**DATA SEGMENT**
=== Section Start ===
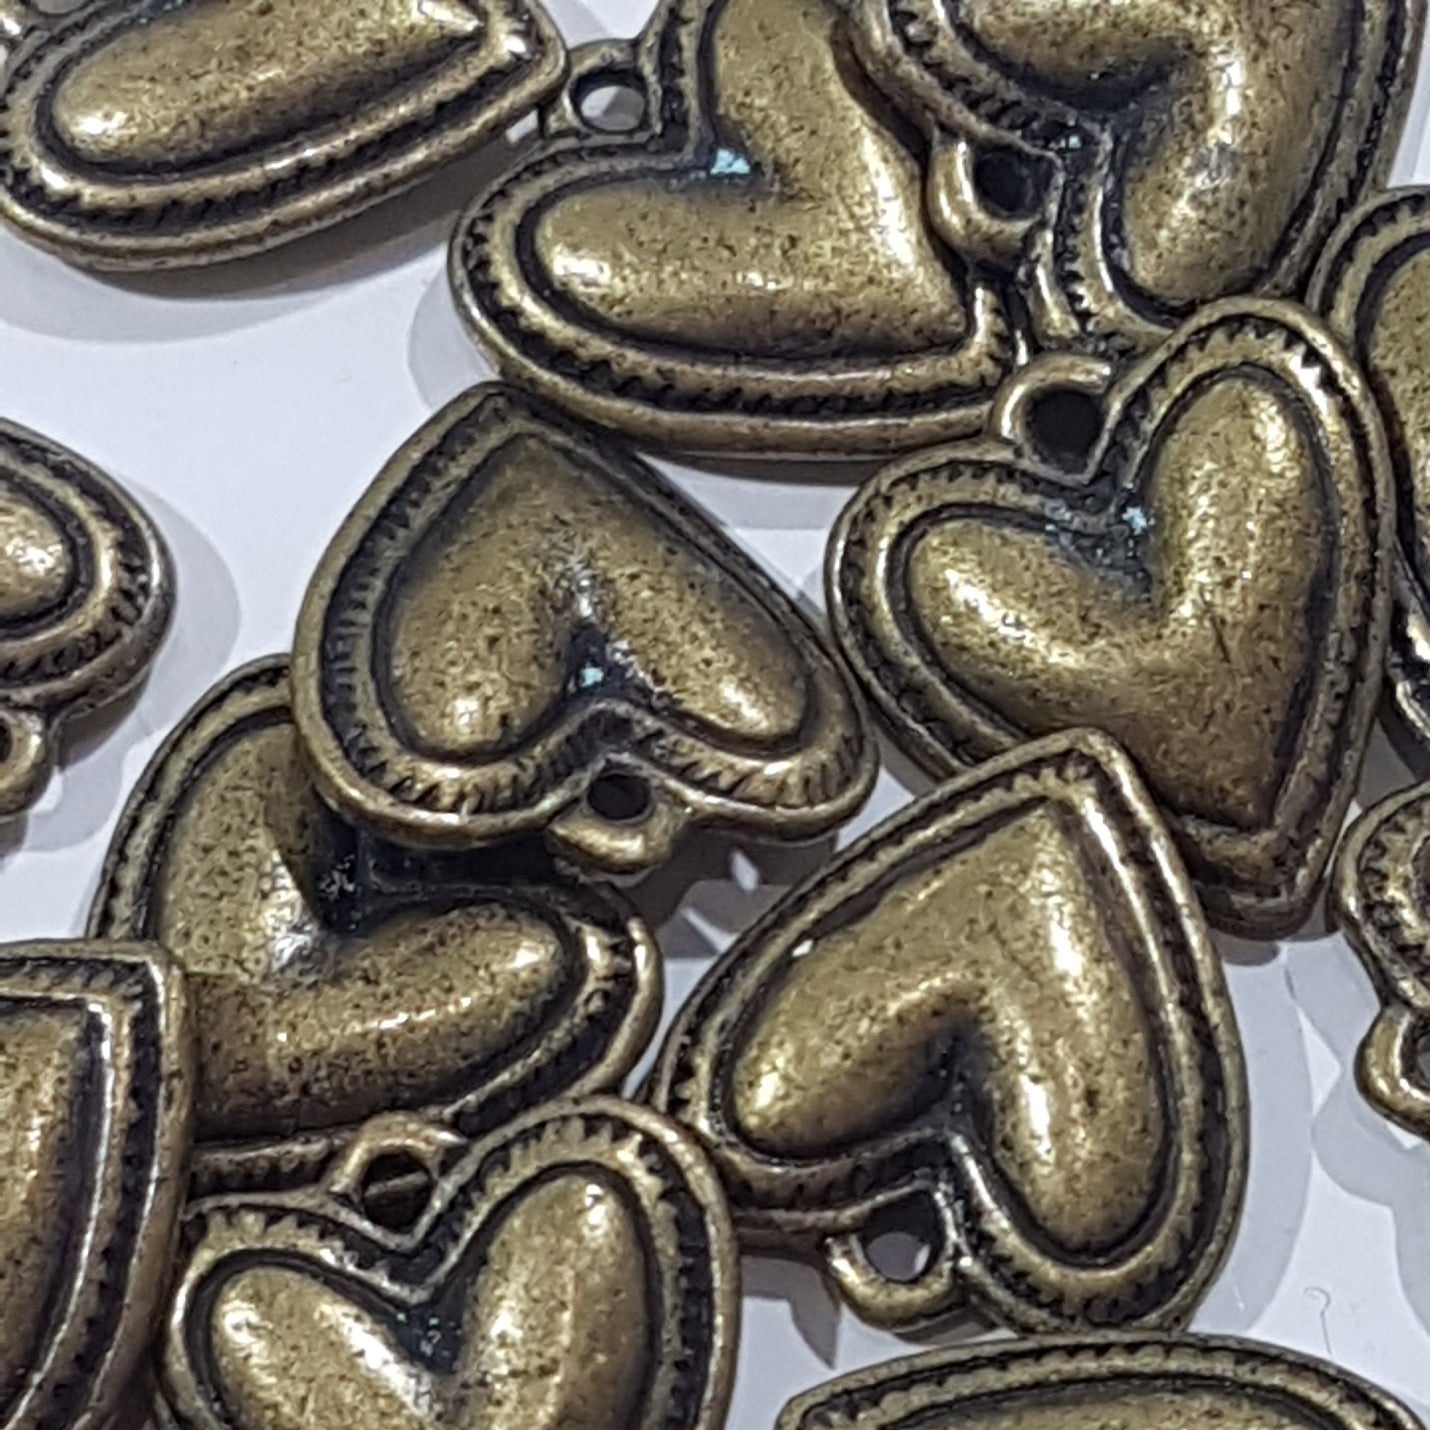 Bronze Vintage Style Heart Shaped Charm Pendant
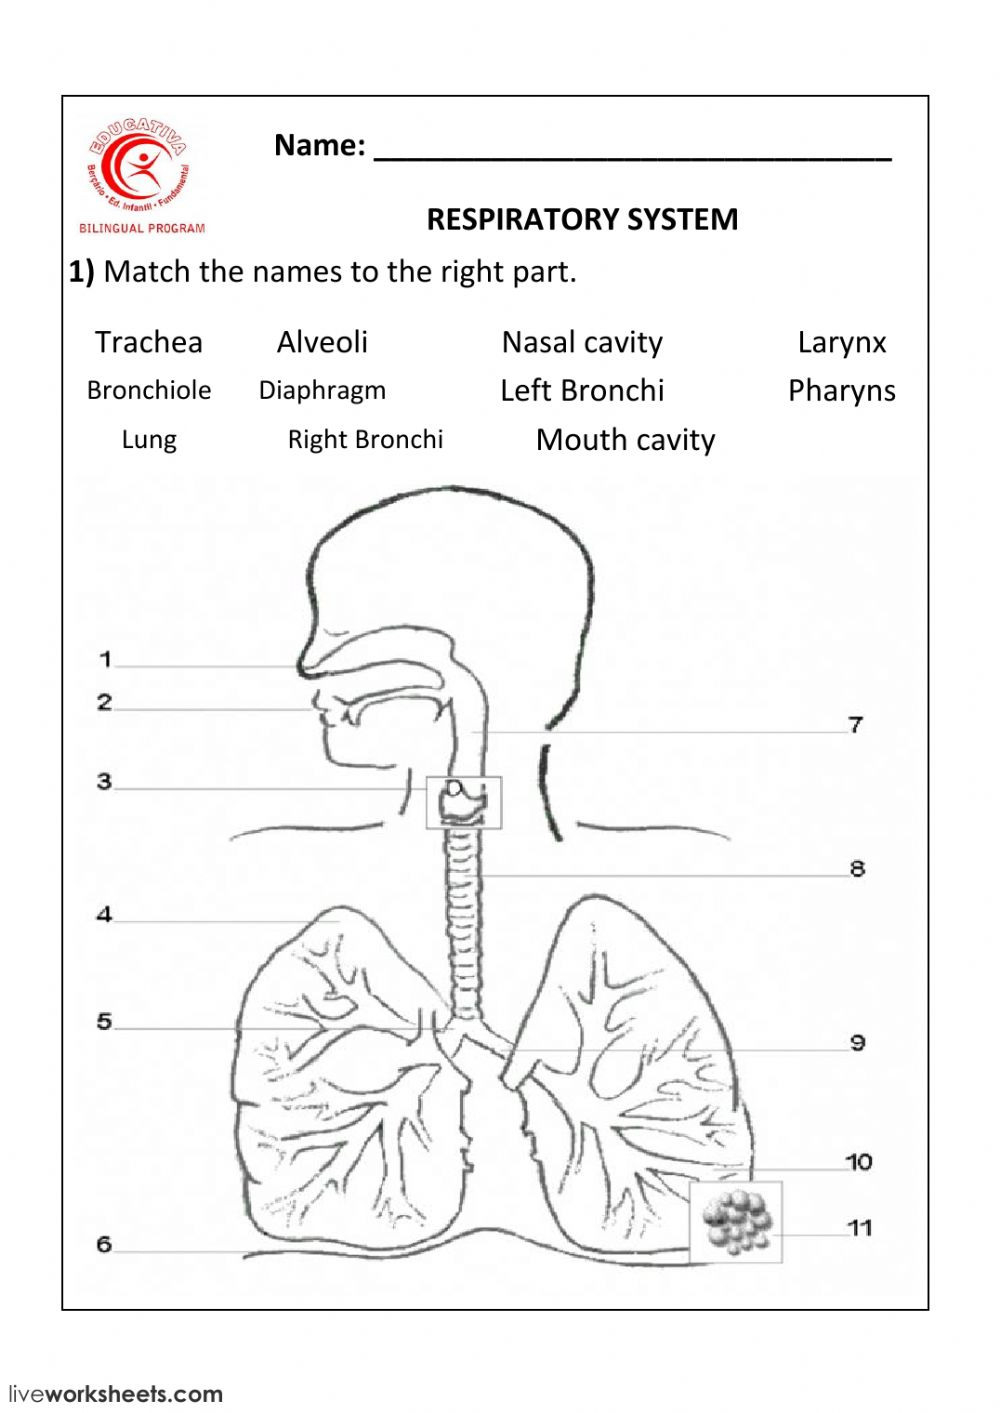 respiratory-system-worksheet-db-excel
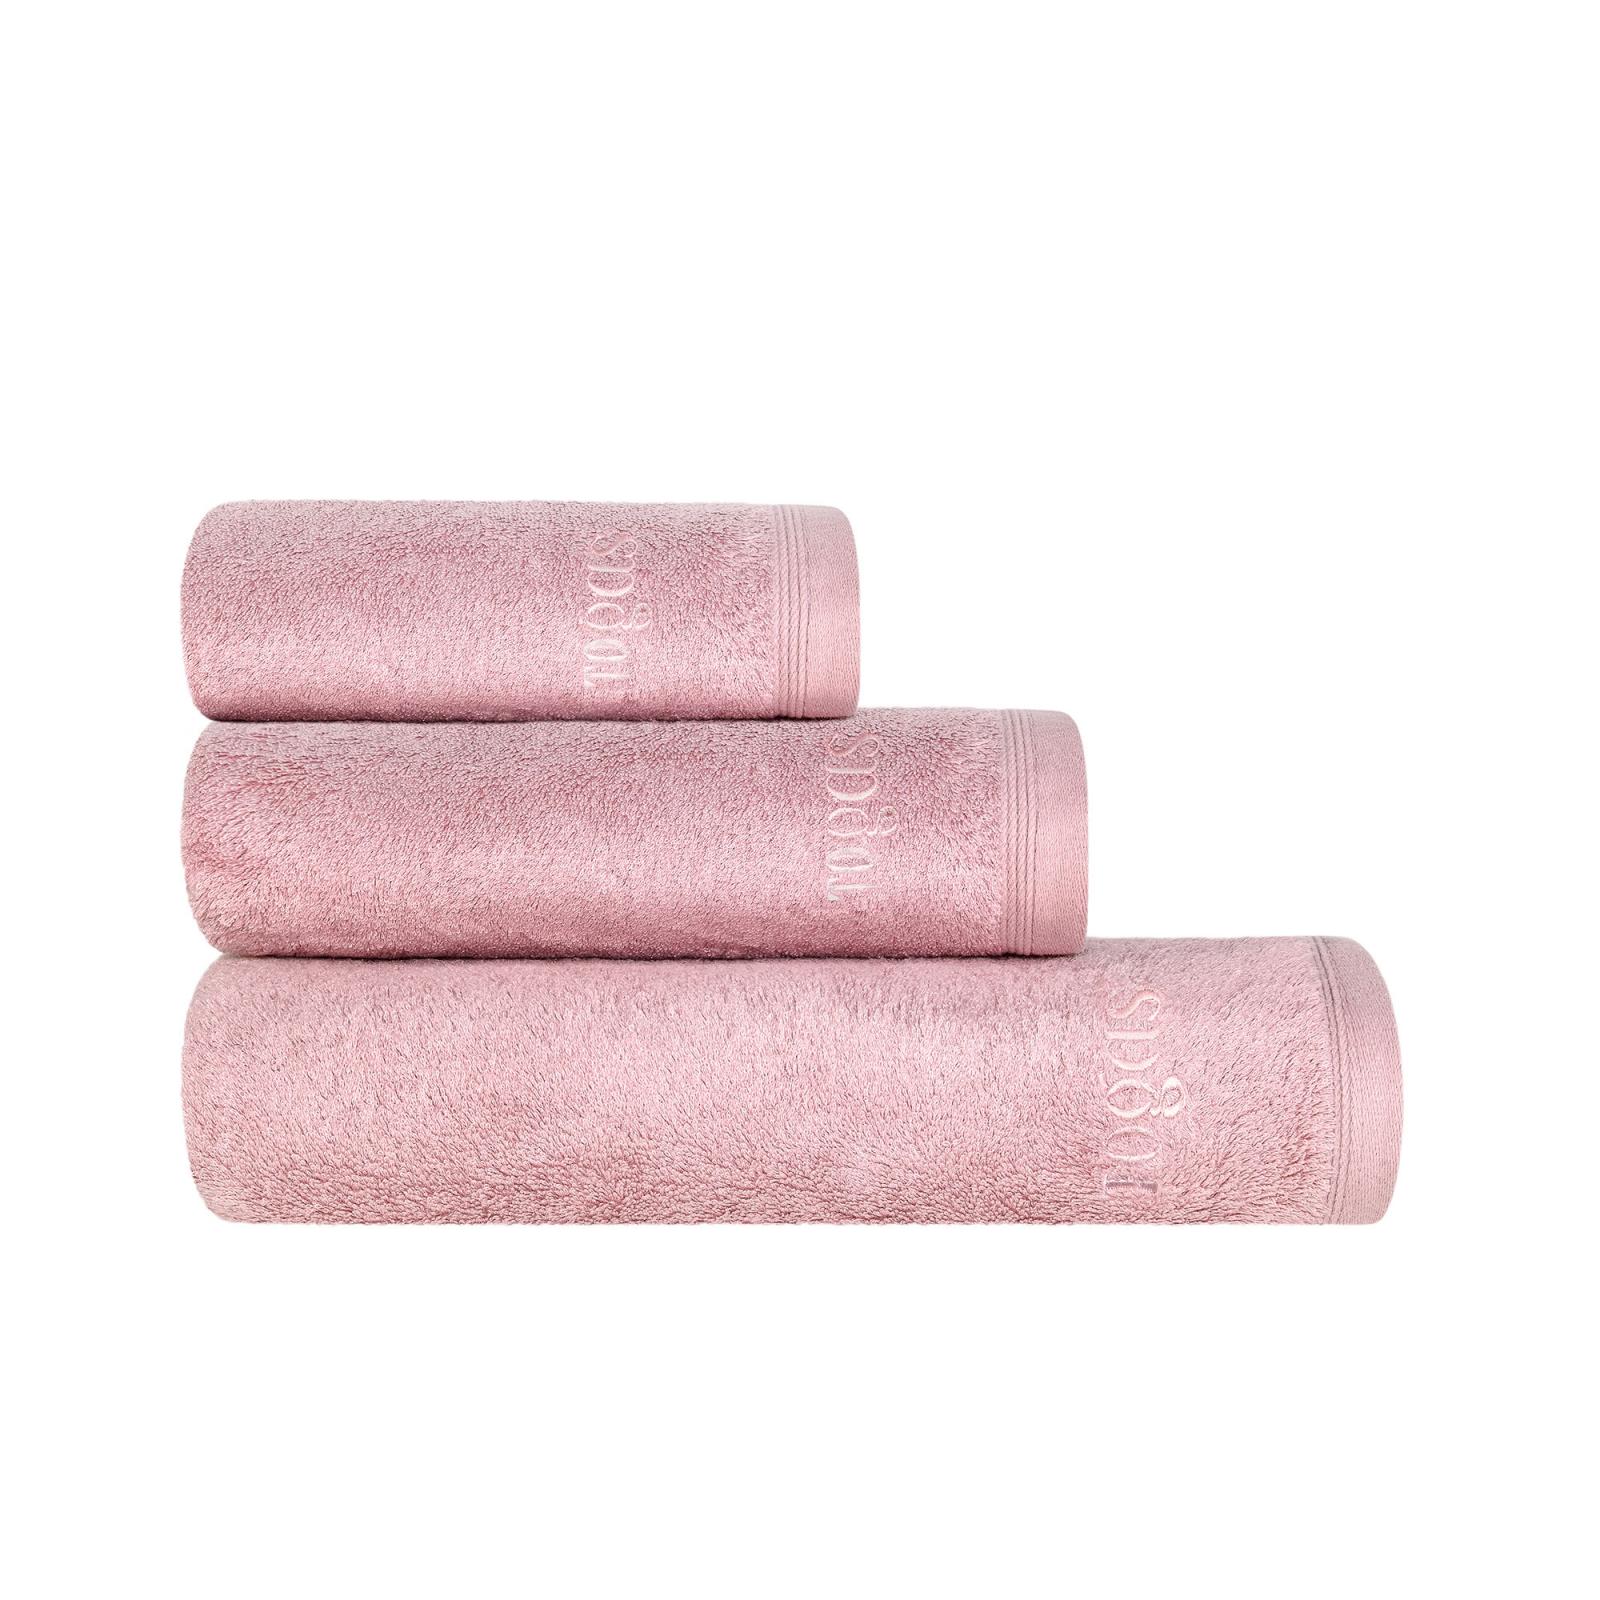 Полотенце 40х60 см Пуатье розовое Togas полотенце 40х60 см пуатье сливовое togas
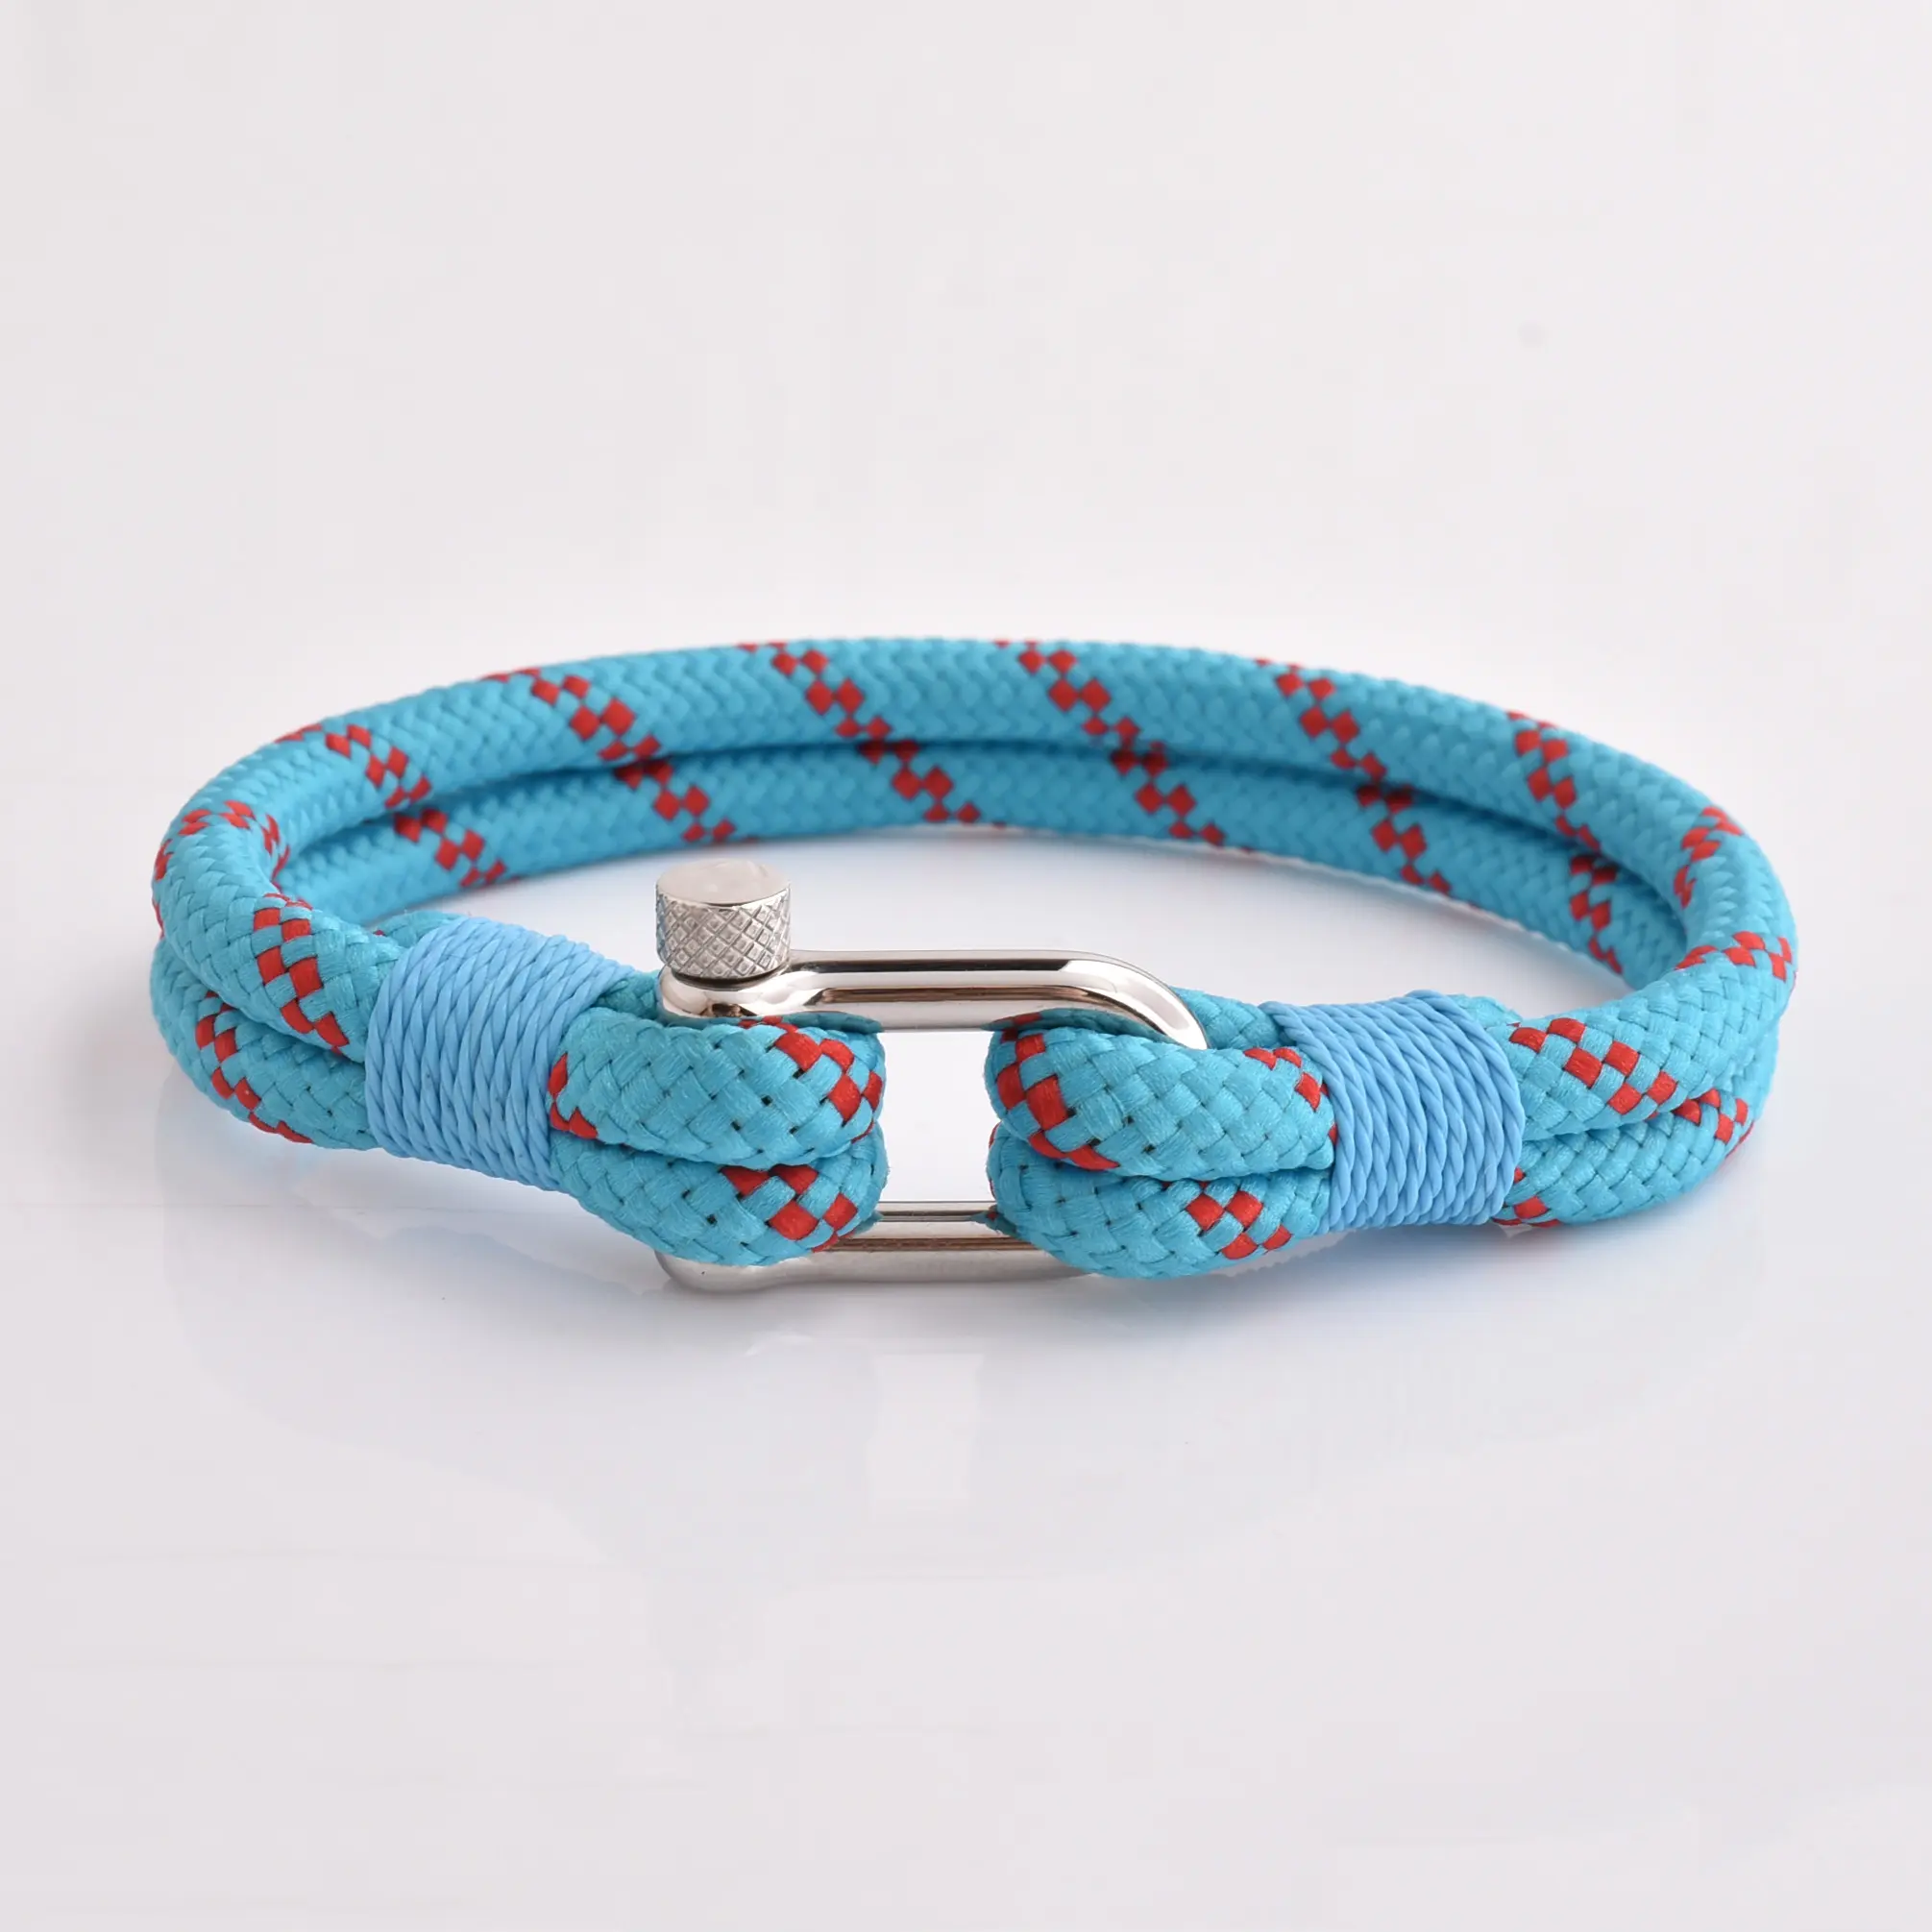 Fashon pulseira nova joia verão azul praia homem pulseira de nylon corda design pulseira
=== Section End ===
**WORK INSTRUCTION**
Every line from the one that holds "respiratory-system-worksheet-db-excel" to the end of the listing should be output exactly, with pictures left out, please.

**EXERCISE OUTPUT**
 respiratory-system-worksheet-db-excel
 Полотенце 40х60 см Пуатье розовое Togas полотенце 40х60 см пуатье сливовое togas
 Fashon pulseira nova joia verão azul praia homem pulseira de nylon corda design pulseira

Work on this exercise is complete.